What needs to be done:
Write each line out exactly, from the one containing "Crenshaw - Soul" through the final line of the data, and keep pictures out of the copy.

Given information:
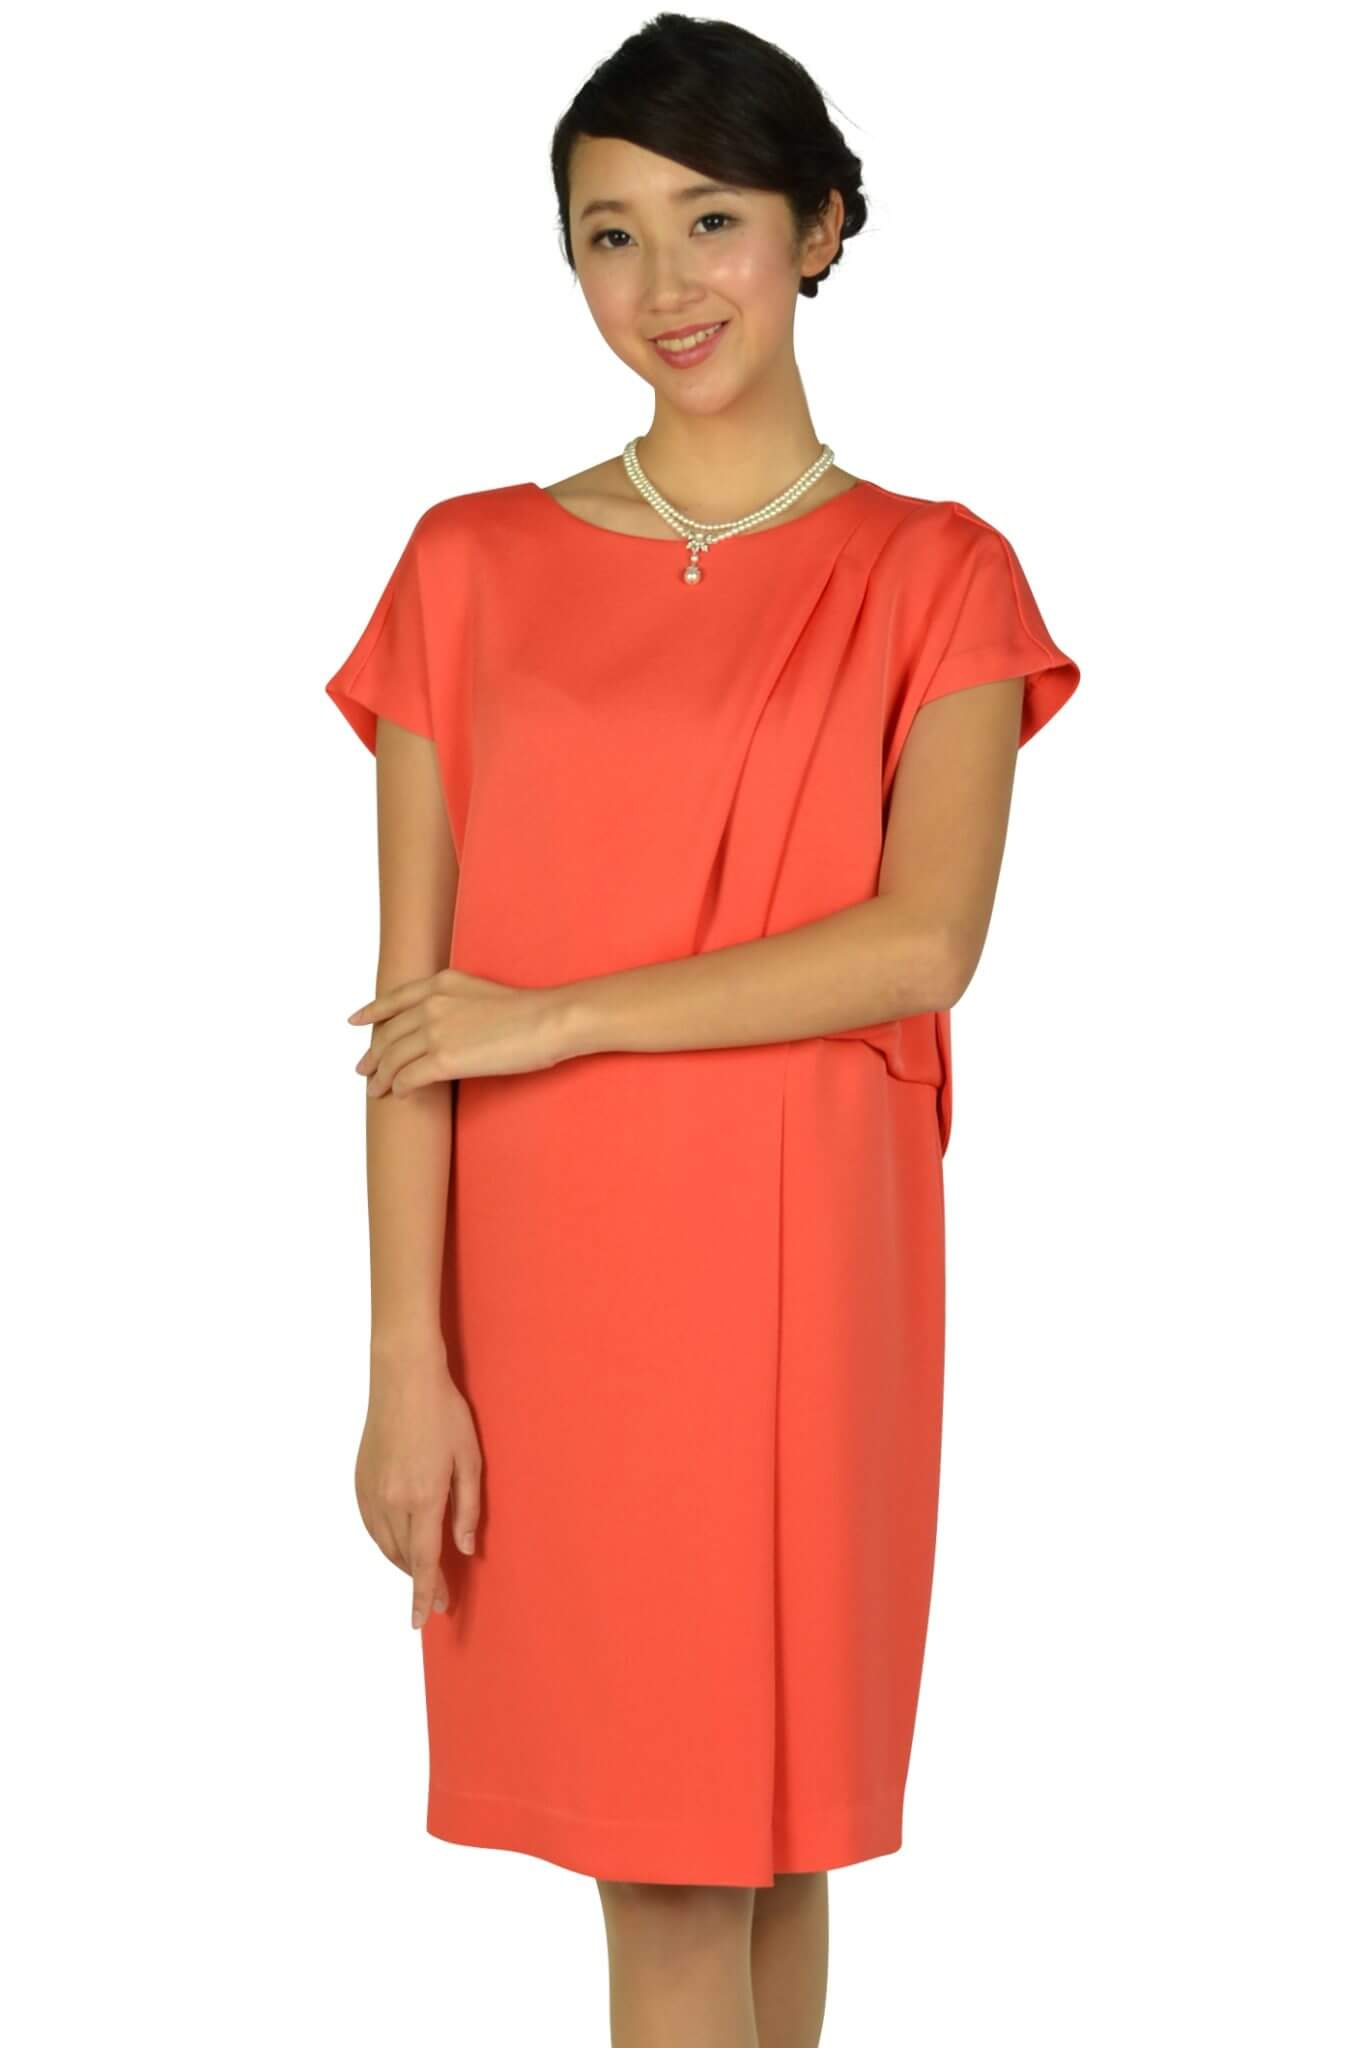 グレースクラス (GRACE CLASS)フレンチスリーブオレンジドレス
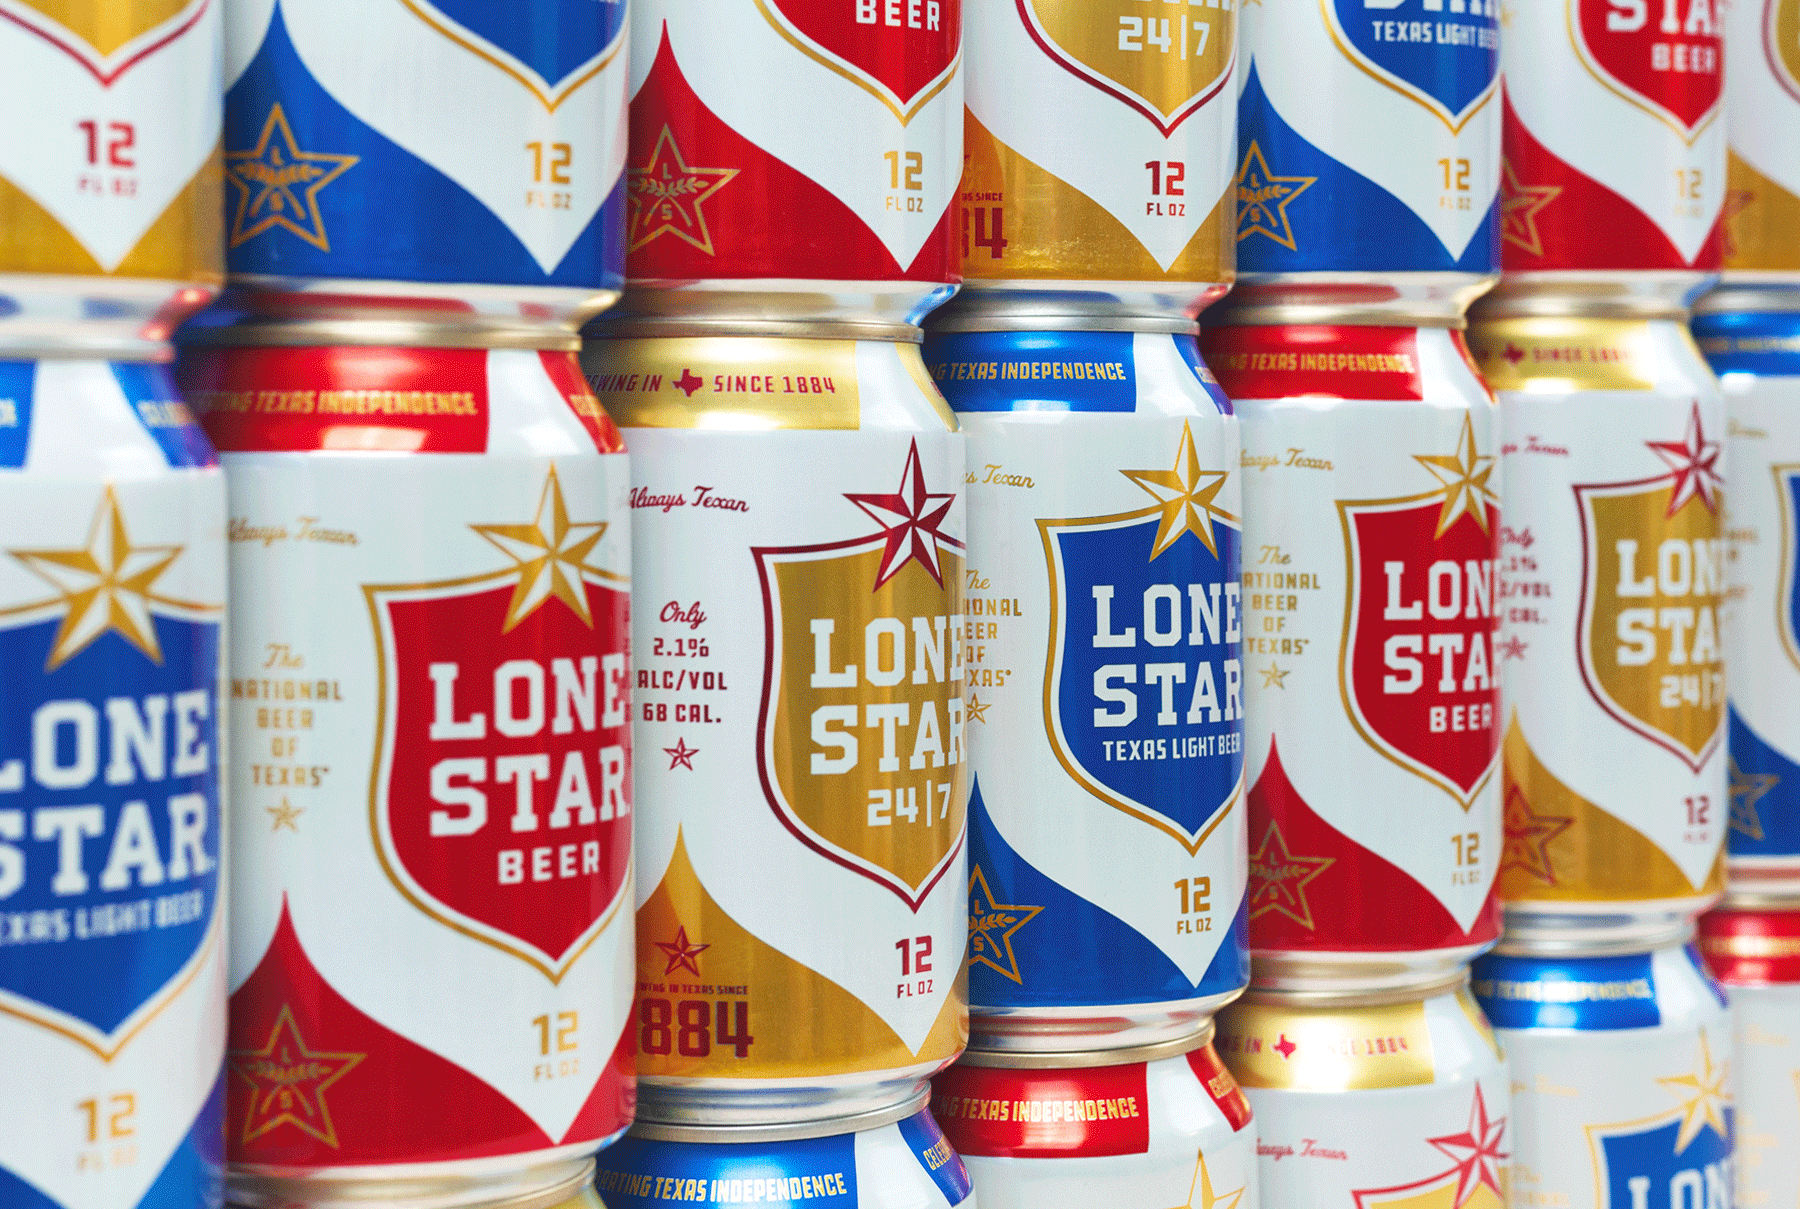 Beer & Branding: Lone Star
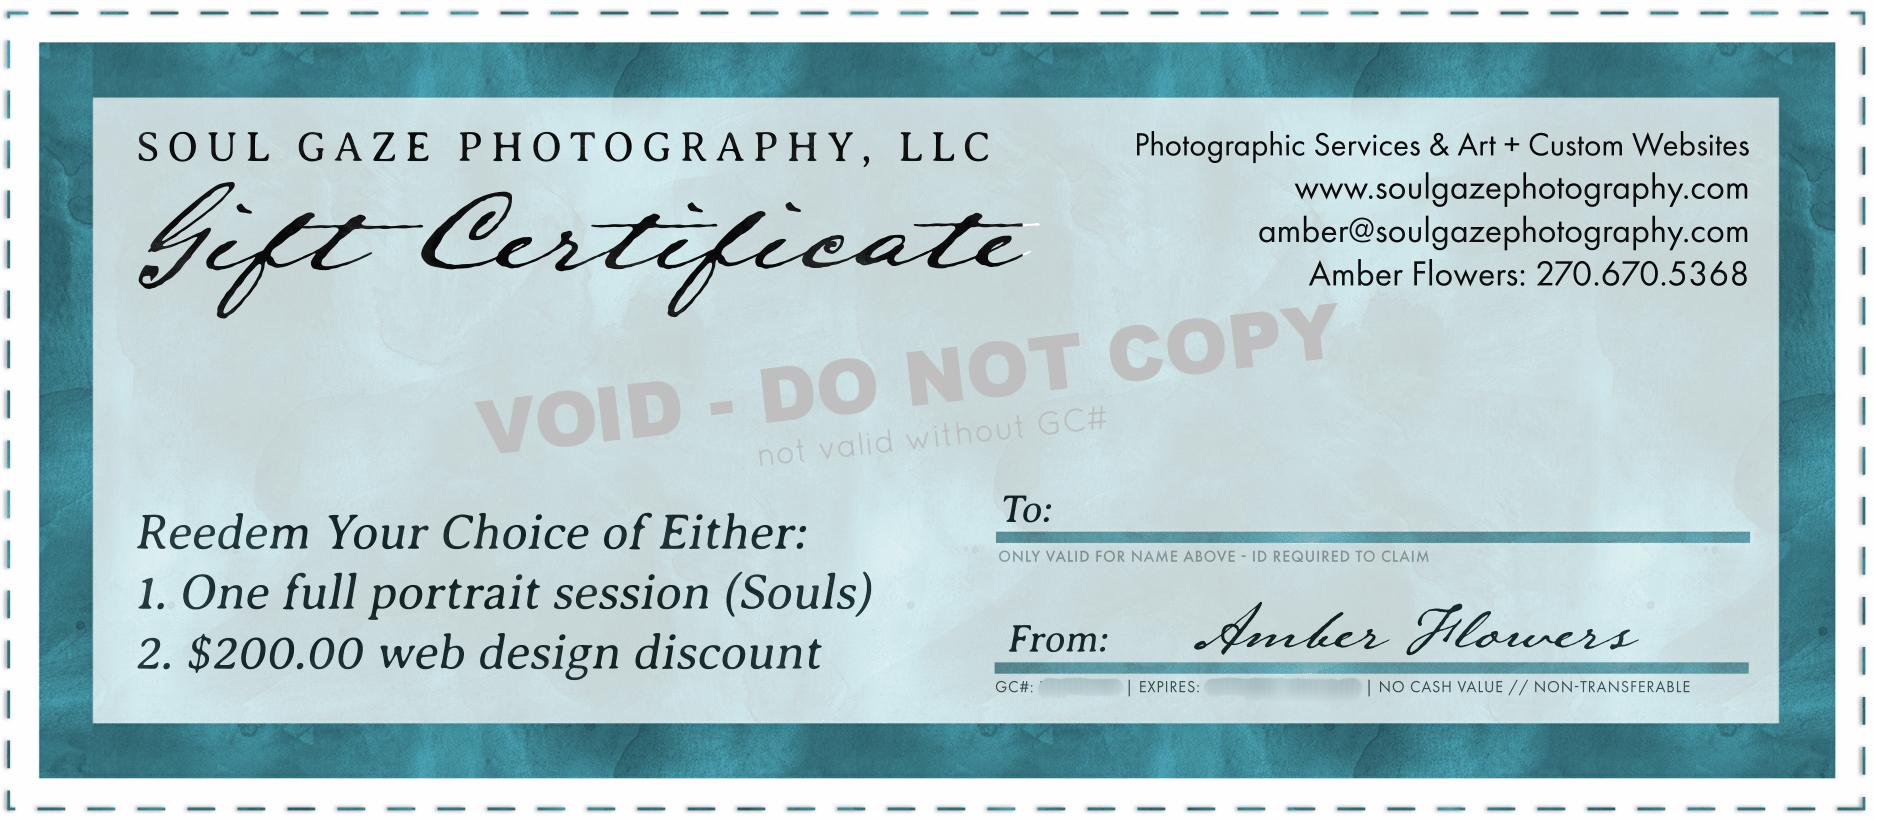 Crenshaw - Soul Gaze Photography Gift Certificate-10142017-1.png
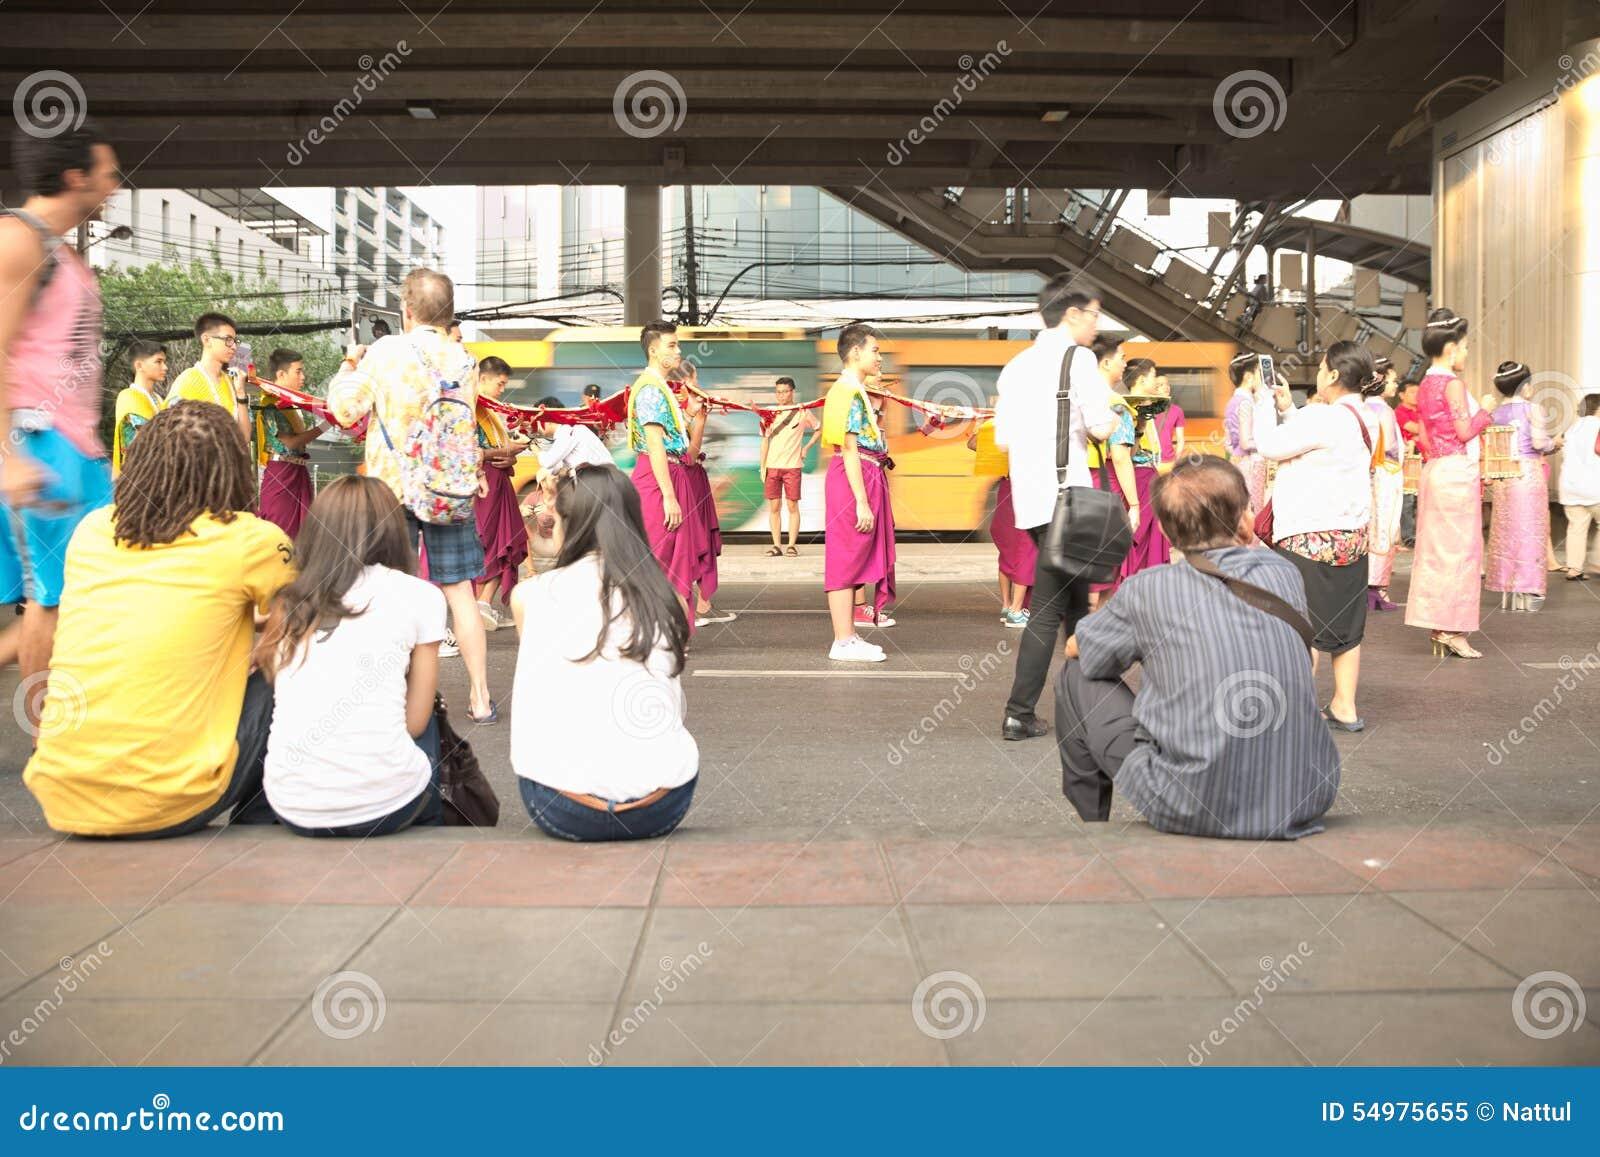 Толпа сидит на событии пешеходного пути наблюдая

Response box:
 Crenshaw - Soul Gaze Photography Gift Certificate-10142017-1.png
 Толпа сидит на событии пешеходного пути наблюдая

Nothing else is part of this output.